"This brigade is to use no rifles to-night," answered a voice. "Over on the left, where they are to attack the intrenchments, there are rifles. But we must capture the Brittingham Corral to-night, and rifles are no good. We are Contreras' men, the Brigada Juarez. See, we have orders to walk up to the walls and throw these bombs inside!" He held out the bomb. It was made of a short stick of dynamite sewed in a strip of cowhide, with a fuse stuck in one end. He went on: "General Robles' gente are over there on the right. They, too, have granados, but rifles also. They are going to assault the Cerro de la Pila...."

And now down the warm, still night came suddenly the sound of heavy firing from the direction of Lerdo, where Maclovio Herrera was going in with his brigade. Almost simultaneously from dead ahead rifle fire awoke sputtering. A man came down the line with a lighted cigar glowing like a firefly in the hollow of his hands.

"Light your cigarettes from this," he said, "and don't set fire to your fuses until you're right up under the wall."

"Captain, carramba! It's going to be very, very duro! How shall we know the right time?"

Another voice, deep, rough, spoke up in the dark.

"I'll tell you. Just come along with me."

A whispered, smothered shout of "Viva Villa!" burst from them. On foot, holding a lighted cigar in one hand—for he never smoked—and a bomb in the other, the General climbed the bank of the ditch and plunged into the brush, the others pouring after him....
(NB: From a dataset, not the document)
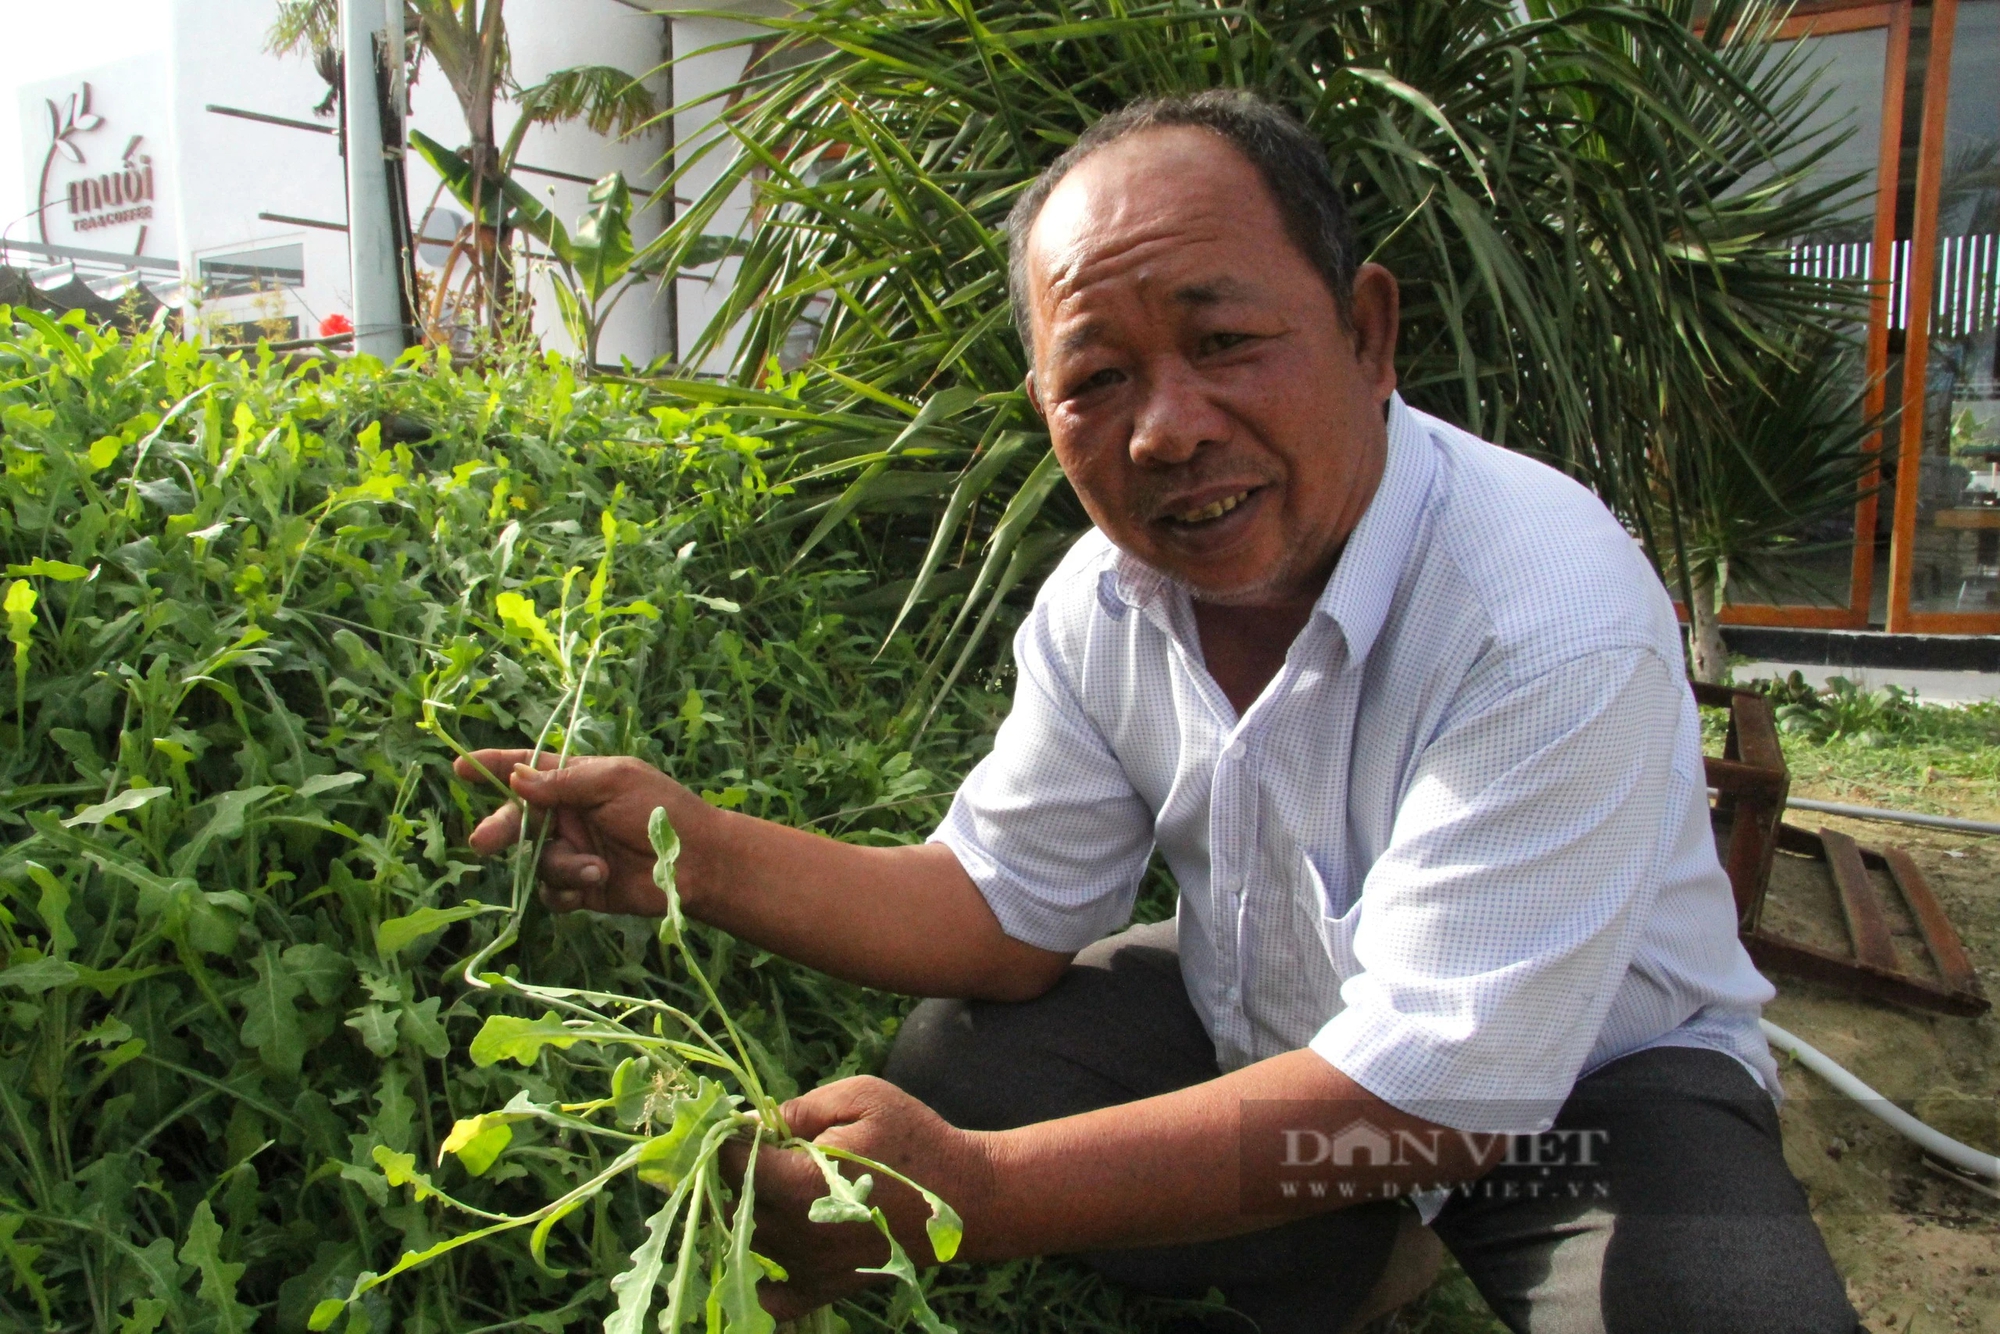 Loài rau dại mọc hoang ở đồi cát Ninh Thuận nay trở thành đặc sản, ăn ngon lại có tác dụng như thần dược- Ảnh 1.
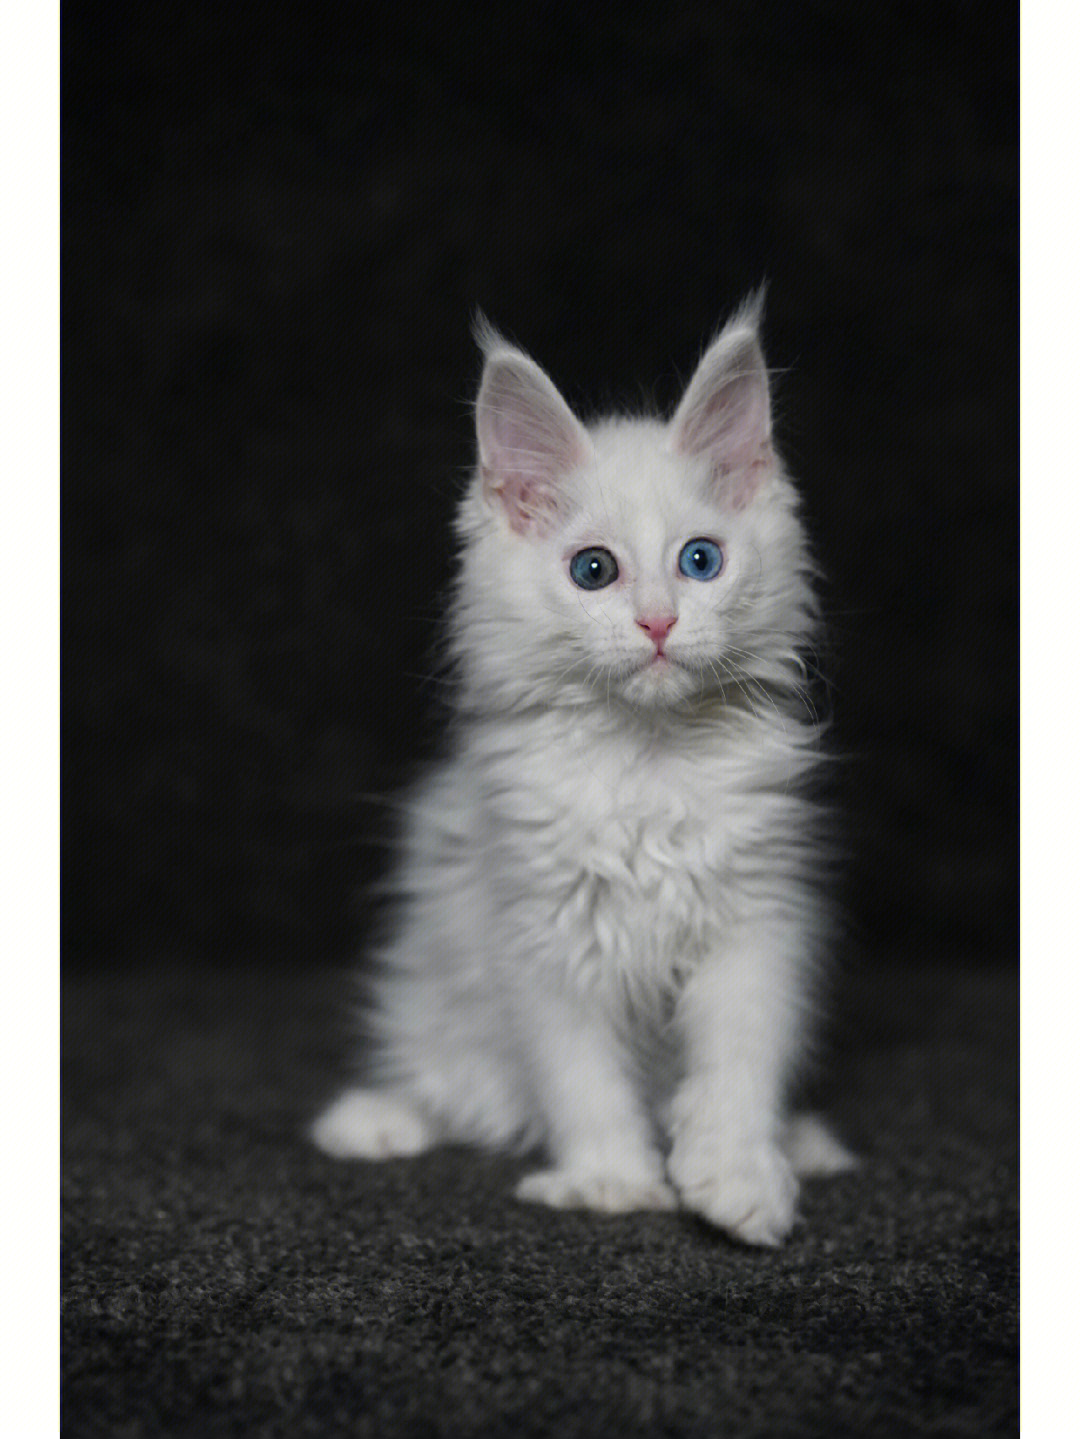 缅因猫幼猫颜色纯白异瞳性格好价格小贵

All along the line now the rifle fire roared, though down behind the trees I could see nothing of the attack. The artillery was silent, the troops being too close together in the dark to permit the use of shrapnel by either side. I rode back and over to the right, where I climbed my horse up the steep ditch bank. From there I could see the dancing tiny fires of the guns at Lerdo, and scattered spurts like a string of jewels all along our front. Over to the extreme left a new and deeper noise told where Benavides was making a demonstration against Torreon proper with quick-firing guns. I stood tensely awaiting the attack.

It came with the force of an explosion. In the direction of the Brittingham Corral, which I could not see, the syncopated rhythm of four machine guns and a continuous inhuman blast of volleying rifles made the previous noise seem like the deepest silence. A quick glare reddened the heaven above, and then the shocking detonations of dynamite. I could imagine the yelling savages sweeping up the street against that withering flame, wavering, pausing, struggling on again, with Villa just in front, talking to them back over his shoulder, as he always did. Now more furious firing over to the right indicated that the attack against the Cerro de la Pila had reached the foot of the hill. And all at once on the far end of the ridge toward Lerdo, there were flashes. Maclovio must have taken Lerdo! Lo! All at once appeared a magical sight. Up the steep slope of the Cerro, around three sides of it, slowly rose a ring of fierce light. It was the steady flame of rifle fire from the attackers. The summit, too, streamed fire, which intensified as the ring converged toward it, raggeder now. A bright glare burst from the top—then another. A second later arrived the dreadful reports of cannon. They were opening upon the little line of climbing men with artillery! But still they rose upon the black hill. The ring of flame was broken now in many places, but it never faltered. So until it seemed to merge with the venomous spitting blaze at the summit. Then all at once it seemed to wither completely, and little single fireflies kept dropping down the slope—all that were left. And when I thought that all was lost, and marveled at the useless heroism of these peons who walked up a hill in the face of artillery, behold! The ring of flame was creeping slowly upward again.... That night they attacked the Cerro seven times on foot, and at every attack seven-eighths of them were killed.... All this time the infernal roaring and the play of red light over the Corral did not stop. Occasionally there seemed to come a lull, but it recommenced only more terribly. They assaulted the Corral eight times.... The morning that I entered Gomez, although the Federals had been steadily burning bodies for three days, they were so thick in the wide space before the Brittingham Corral that I could hardly ride through on horseback, and around the Cerro were seven distinct ridges of rebel dead....

The wounded began creeping through the plain obscurely in the dense darkness. Their cries and groans could be distinctly heard, though the battle noise drowned every other sound—you could even hear the rustle of the bushes as they crept through, and their dragging feet on the sand. A horseman passed along the path below me, cursing furiously that he must leave the battle because his arm was broken, and weeping between curses. Then came a footman, who sat at the foot of my bank and nursed a hand, talking without cessation about all sorts of things to keep from a nervous breakdown.